Share your repls and programming experiences

← Back to all posts
A Webscraper Written in Python
a5rocks (506)

This webscraper makes use of queue objects, and requests-html. Let me provide an explanation of both, and why I am using them.

queue: Queues are a data type that allow for what is basically a to-do list. You add to it using Queue.put(). For example, Queue.put('https://rickroll.here') adds 'https://rickroll.here' to the queue. To get something from it, you just use Queue.get(), which gets your item, then removes it from the queue. This way, you don't need to worry about removing links you already scraped.

requests-html: requests-html is basically a wrapper around requests and beautifulsoup4. It allows a lot of functionality for getting information from the Internet.

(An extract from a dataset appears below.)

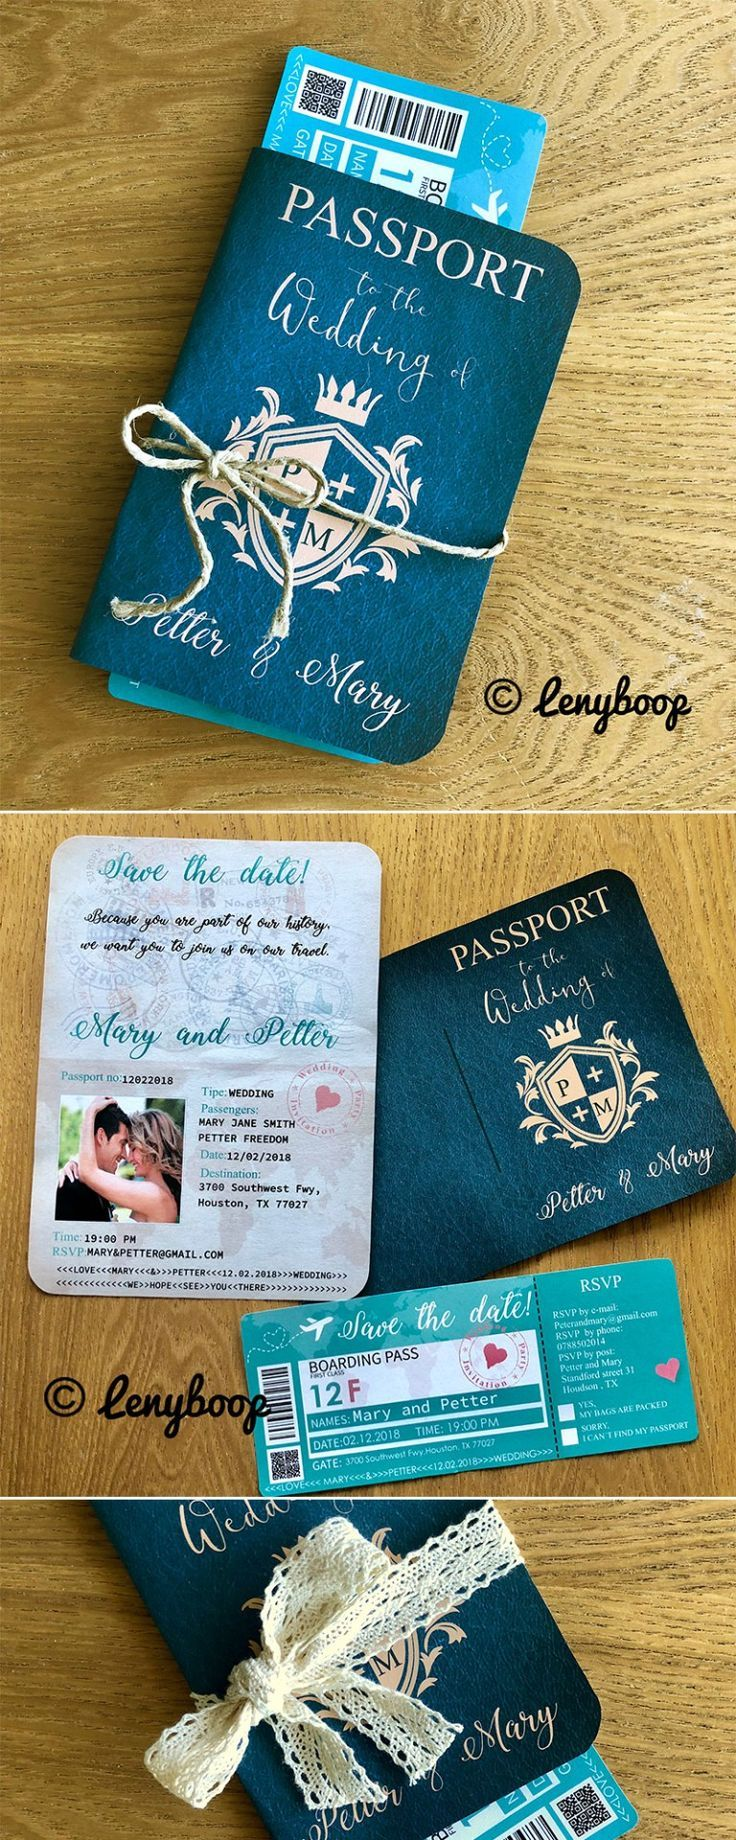 42 Best of Travel Hochzeitseinladungen – Hochzeitspass   Forevermorebling   … - Zur Hochzeit #ceremonyideas

For example, here is how you get a webpage's links (assuming session is requests_html.HTMLSession()) :

r = session.get('https://crouton.net')
links = r.html.links

All in all, this project was just me checking out requests-html and queues in a project I actually finish.

Commentshotnewtop
a5rocks (506)

Please note that I complicated the project somewhat by making it not fail the second something raised an error.

Here is the project, in a nutshell (the differences compared to the version above are error reporting and a tiny bit of optimization) :

from requests_html import HTMLSession
from queue import Queue

start_page = 'https://html.python-requests.org/'

links_queue = Queue()
session = HTMLSession()

links_queue.put(start_page)

while True:
  to_get = links_queue.get(block=False)
  r = session.get(to_get)

  for link in r.html.absolute_links:
    links_queue.put(link)

  print(to_get)